This is a bit puzzling at first sight: the usual setting would be that you know $N$ and $n$ and you want to infer the parameters of the distribution. Here you are interested only in $N$ so the MLE is obtained by maximizing $$(N - n) \log \Phi(y_{(N-n+1)}) + \log(N!) - \log\left((N-n) !\right).$$

This is kind of intuitive: the grade of the last admitted $y_{(N-n+1)}$ and the number of admitted are all that matters.

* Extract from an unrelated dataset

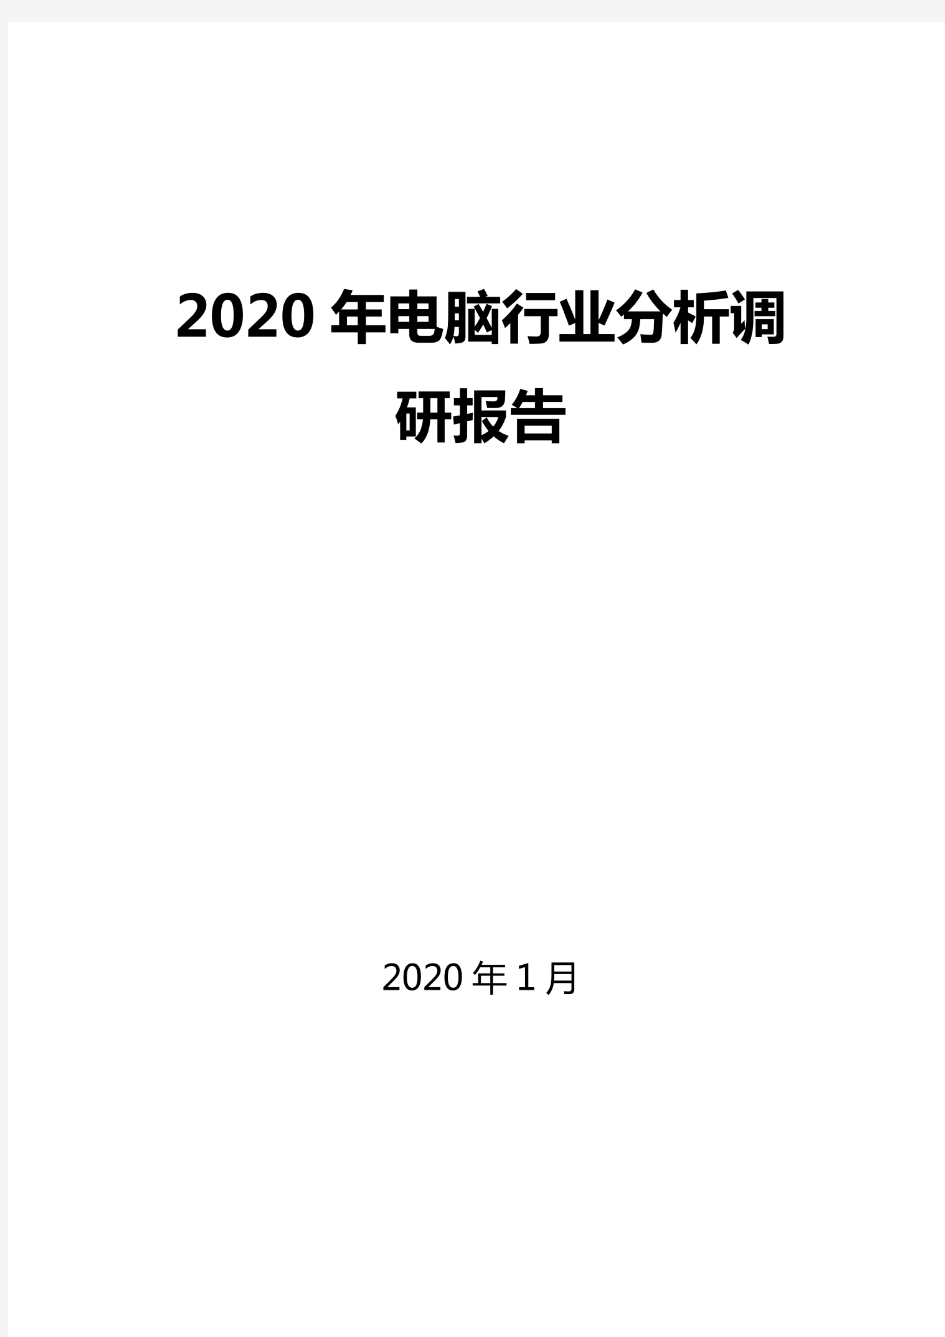 2020电脑行业分析调研报告

A quick numerical experiment:

> N <- 1000
> set.seed(1)
> x <- sort(rnorm(N), decreasing=TRUE)[1:10]  
> x
[1] 3.810277 3.055742 2.675741 2.649167 2.497662 2.446531 2.401618 2.350554
[9] 2.349493 2.321334
> f <- function(N, n = 10, xn = x[n])  
+      (N-n)*log(pnorm(xn)) + lfactorial(N) - lfactorial(N-n)
> plot( 800:1200, sapply(800:1200, f), type="l")

Likelihood

This looks promising. Let's have a look on the properties of this estimator, again for $n = 10$:

> MLE <- replicate( 1e4, {x <- sort(rnorm(N), decreasing=TRUE)[1:10]; 
+        optimize(f, c(100,20000), maximum=TRUE, xn = x[10])$maximum} )
> mean(MLE)
[1] 1112.798
> sd(MLE)
[1] 393.086
> hist(MLE, breaks=40)

MLE histogram

However from you edits to your question I think that you want to estimate both $n$ and the parameters of the normal distribution. This could be done by maximizing the log of above the joint density. However for your concrete application, the underlying distribution is unlikely to be normal. It is surely a mixture between the grades of diversely prepared candidates, and I am not optimistic about the possibility of obtaining good estimates.


So let’s try that again, with unknown parameters for the normal distribution:

g <- function(N, mu, sd, X) {
  n <- length(x); 
  (N-n)*pnorm(X[n], mean = mu, sd = sd, log.p = TRUE) 
  + sum(dnorm(X, mean=mu, sd=sd, log=TRUE)) 
  + lfactorial(N) - lfactorial(N-n) 
}

> optim( c(1000,0,1), function(theta) -g(theta[1], theta[2], theta[3], x) )
$par
[1] 292951.707061     -3.650634      1.498264

$value
[1] -13.78503

So the MLE says here that the best guess is a mean of -3.65 (instead of 0), a standard deviation of 1.49 (instead of 1, well, ok), and a size $N = 293 000$... hu... Well let’s try again with $n = 100$: 10 observations is not much!

> set.seed(17)
> x <- sort(rnorm(N), decreasing=TRUE)[1:100] 
> optim( c(1000,0,1), function(theta) -g(theta[1], theta[2], theta[3], x) )
$par
[1] 1031.1320174   -0.2112833    1.1694436

$value
[1] -321.6677

Not so bad...? but if I try again with set.seed(18), the estimate for $N$ is 5000...! I might be missing something, but for the moment I continue to be pessimistic.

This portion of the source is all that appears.